Dry them out and use them in a pea shooter. 

Do they even still sell the long straws for a pea shooter anymore? 

When I was a kid hunting wooly mammoths and ran out of the factory peas, I would switch over to corn kernels. They had a neat curve to the trajectory when you blew them out of the straw.


----------



## wyogoob (Sep 7, 2007)

20 lbs!!!!!! Holy Cow!!!

Did you shell them all yourself? Growing up we used a piece of plywood with molding around 3 sides. We would shuck a bunch of pods onto the plywood and then just tipped it up and roll the (clean) peas in a bucket. kinda cool

When I flew the coop I lived around tens of thousands of acres of vegetable farming. The growing season was long enough to have early peas and then a second crop after that, say lima beans or green beans. My buddies worked at the canning plants and would get us 5 gallon buckets of freshly blanched peas (or any other kind of vegetable you could think of) off the assembly line right before the veggies went into the cans.

We'd get a 5-gallon bucket of peas and carrots, or mixed vegetables and all we had to do was put them in freezer bags, 40 pints worth. 


Ever try ******* guacamole? Use peas, not avacados.

.


----------



## Dunkem (May 8, 2012)

wyogoob said:


> 20 lbs!!!!!! Holy Cow!!!
> 
> Did you shell them all yourself? Growing up we used a piece of plywood with molding around 3 sides.
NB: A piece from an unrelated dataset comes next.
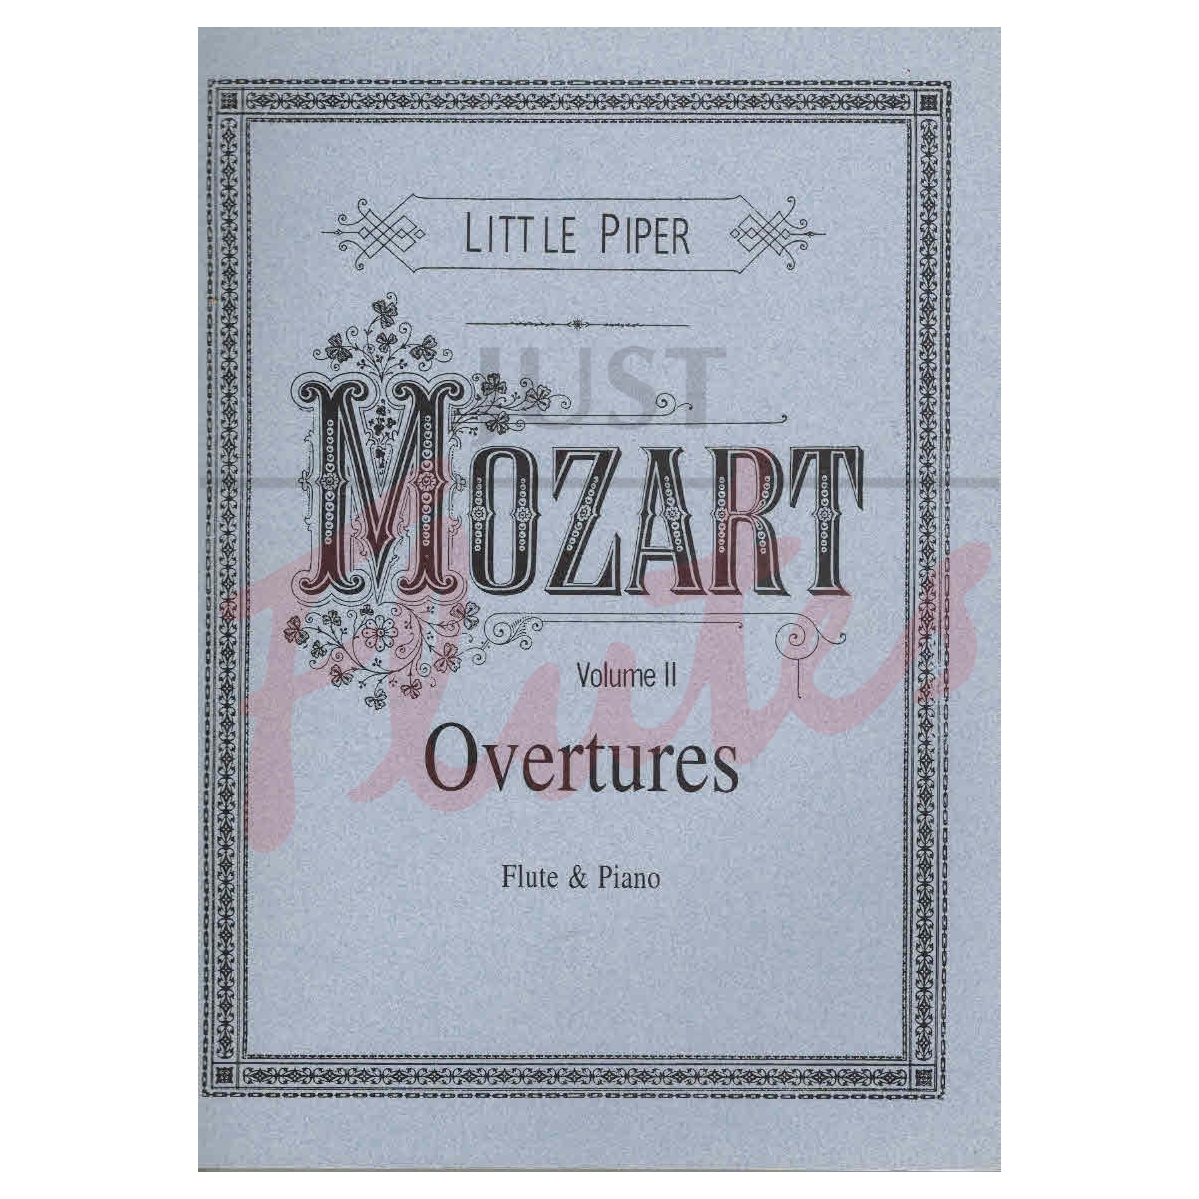 Overtures arranged for flute and piano

We would shuck a bunch of pods onto the plywood and then just tipped it up and roll the (clean) peas in a bucket.
> 
> ...


Shucked half of them(my garden)Got the rest from a stand by my house(pre shucked:smileRed neck guacamole,sounds good.

Thanks Skinner, I will save a few for the polar bears:mrgreen:And Critter my wife took my peashooter away,said I was going to put someones eye out-O,-


----------



## massmanute (Apr 23, 2012)

Peas, new potatoes, cream or cream plus milk, perhaps a bit of onion and/or garlic and some salt and pepper... not much better than that.


----------



## Dunkem (May 8, 2012)

20 lbs -2lbs eaten =27 pint bags in the freezer I will never shell my own again


----------